PyPI version License: MIT


🌊 Overview

LaminarNet is a novel deep learning architecture designed to overcome the limitations of traditional Transformers in handling long sequences. By fusing principles from State Space Models (SSMs), Recurrent Neural Networks (RNNs), and Hierarchical Processing, LaminarNet achieves $O(N)$ inference complexity while maintaining the parallel training benefits of Transformers.

At its core, LaminarNet introduces three groundbreaking mechanisms:

  1. Geometric Drift Fields (GDF): Parallelizable rotation-based state evolution that replaces standard RNN loops with prefix sums.
  2. Cross-Stratum Routing (CSR): A bidirectional, multi-resolution information exchange system that allows different layers of abstraction to communicate effectively.
  3. Phase Mesh Encoding (PME): A stabilized coupled oscillator system for position encoding, offering superior extrapolation capabilities compared to Rotary Embeddings (RoPE).

🚀 Key Features

  • Linear Complexity: Scales linearly with sequence length during inference, making it ideal for long-context applications.
  • Hierarchical Structure: Processes information at multiple resolutions (strata) simultaneously, capturing both local details and global context.
  • Parallel Training: Utilizes prefix scan algorithms to enable efficient parallel training on GPUs.
  • Stabilized Dynamics: Incorporates gated retention and phase clipping to ensure stable training dynamics even at depth.

💡 Motivation: Why LaminarNet?

The core limitation of the Transformer architecture is its quadratic $O(N^2)$ complexity with respect to sequence length $N$. This makes scaling to context windows of 1M+ tokens computationally prohibitive.

LaminarNet introduces a Structured Orthogonal State Space mechanism that evolves states via Geometric Drift Fields (GDF).
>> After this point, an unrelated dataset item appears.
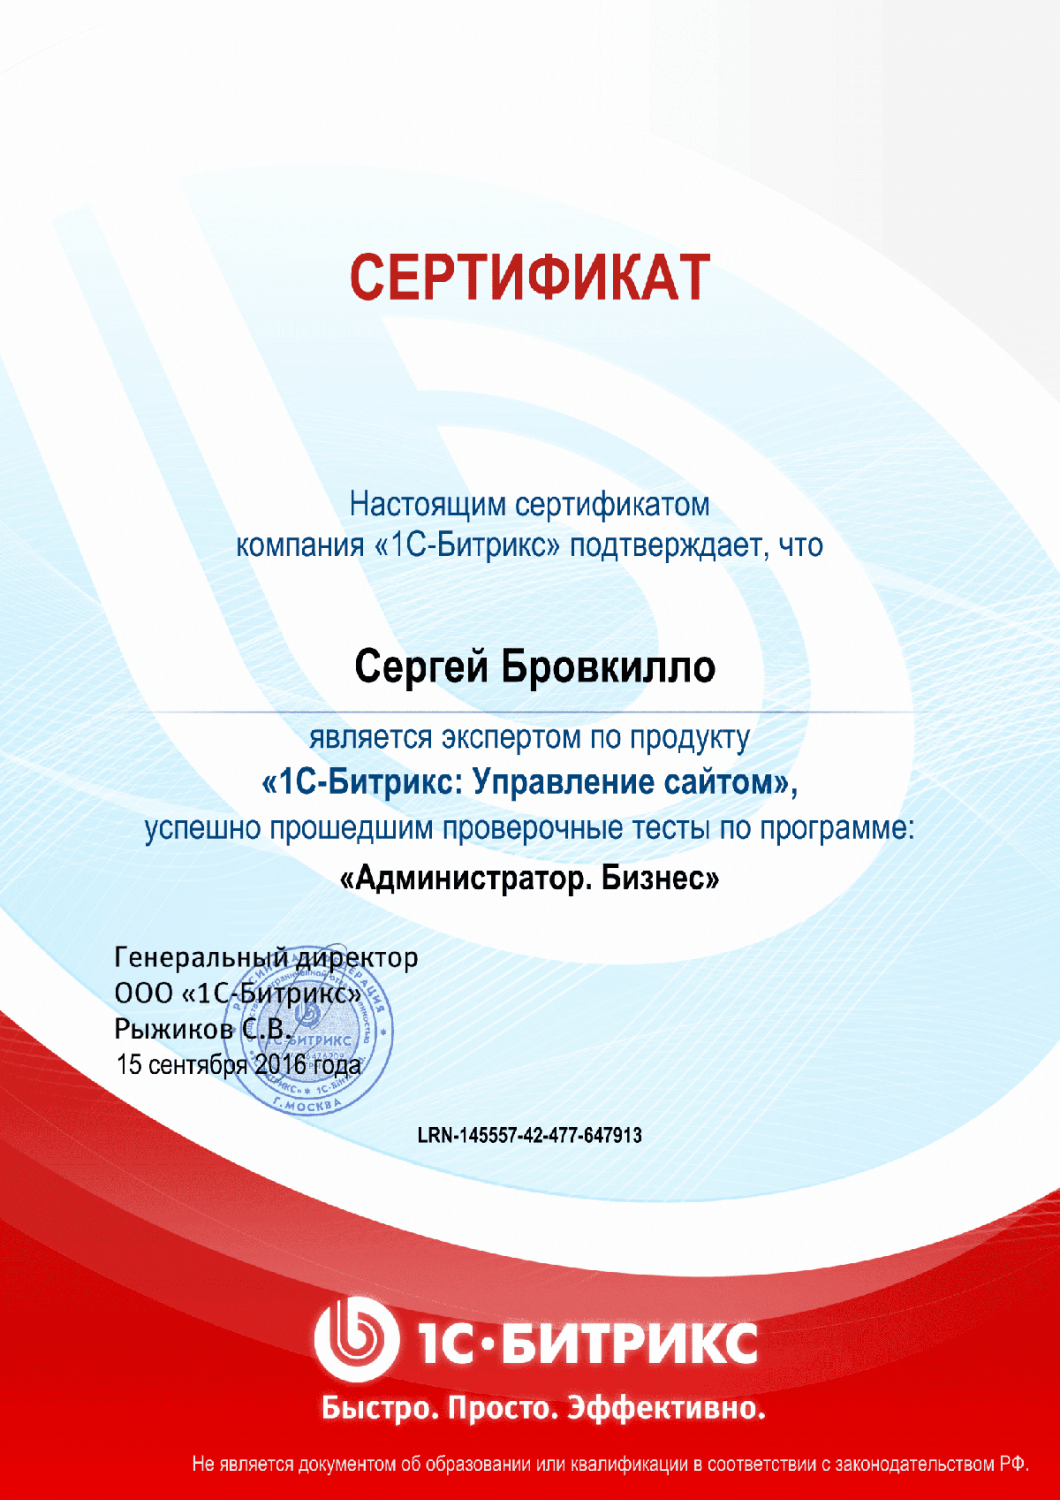 Сертификат эксперта по программе "Администратор. Бизнес" в Иркутска

This allows the model to:

  1. Maintain $O(N)$ linear inference complexity.
  2. Preserve long-range dependencies without the "forgetting" typical of LSTMs.
  3. Train in parallel like a Transformer using prefix-scan algorithms.

This positions LaminarNet as a bridge between the parallelizability of Transformers and the efficiency of RNNs/SSMs.

📐 Architecture

LaminarNet processes data through multiple hierarchical layers called Strata. Information flows both sequentially (time) and vertically (depth/resolution) via Cross-Stratum Routing (CSR).

graph TD
    Input[Input Sequence] --> Embed[Embedding + Phase Mesh]
    Embed --> S1[Stratum 1 (Fine / Detail)]
    Embed --> S2[Stratum 2 (Coarse / Global)]
    
    subgraph "Laminar Block"
        S1 -- CSR --> S2
        S2 -- CSR --> S1
        
        S1 -- GDF (Time) --> S1
        S2 -- GDF (Time) --> S2
        
        S1 -- Local Mixing --> S1
        S2 -- Local Mixing --> S2
    end
    
    S1 --> Output[Output Head]

📦 Installation

Install LaminarNet directly from PyPI:

pip install laminarnet

🛠️ Usage

Basic Inference

New in v0.6.4: LaminarNet now includes 6 architectural intelligence boosts (Forget Gates, Talking Heads, Iterative CSR, DenseNet Residuals, Head-Specific Decay, Adaptive Chunking) that improve reasoning and context quality with no change to O(N) complexity or parameter overhead.

import torch
from laminarnet import LaminarNet, LaminarNetConfig

# Initialize configuration
config = LaminarNetConfig(
    vocab_size=32000,
    d_model=256,
    n_layers=6,
    seq_len=2048,
    n_strata=2
)

# Create model
model = LaminarNet(config)

# Forward pass
inputs = torch.randint(0, 32000, (1, 128))  # (Batch, SeqLen)
logits = model(inputs)

print(f"Output shape: {logits.shape}")
# Output: torch.Size([1, 128, 32000])

⚡ Recurrent Inference (New in v0.6.3)

Use step() for fast, token-by-token autoregressive generation — no need to reprocess the full sequence at every step.

import torch
from laminarnet import LaminarNet, LaminarNetConfig

config = LaminarNetConfig(vocab_size=32000, d_model=256, n_layers=6, n_strata=2)
model = LaminarNet(config)
model.eval()

# Initialize recurrent state
state = model.init_state(batch_size=1, device="cpu")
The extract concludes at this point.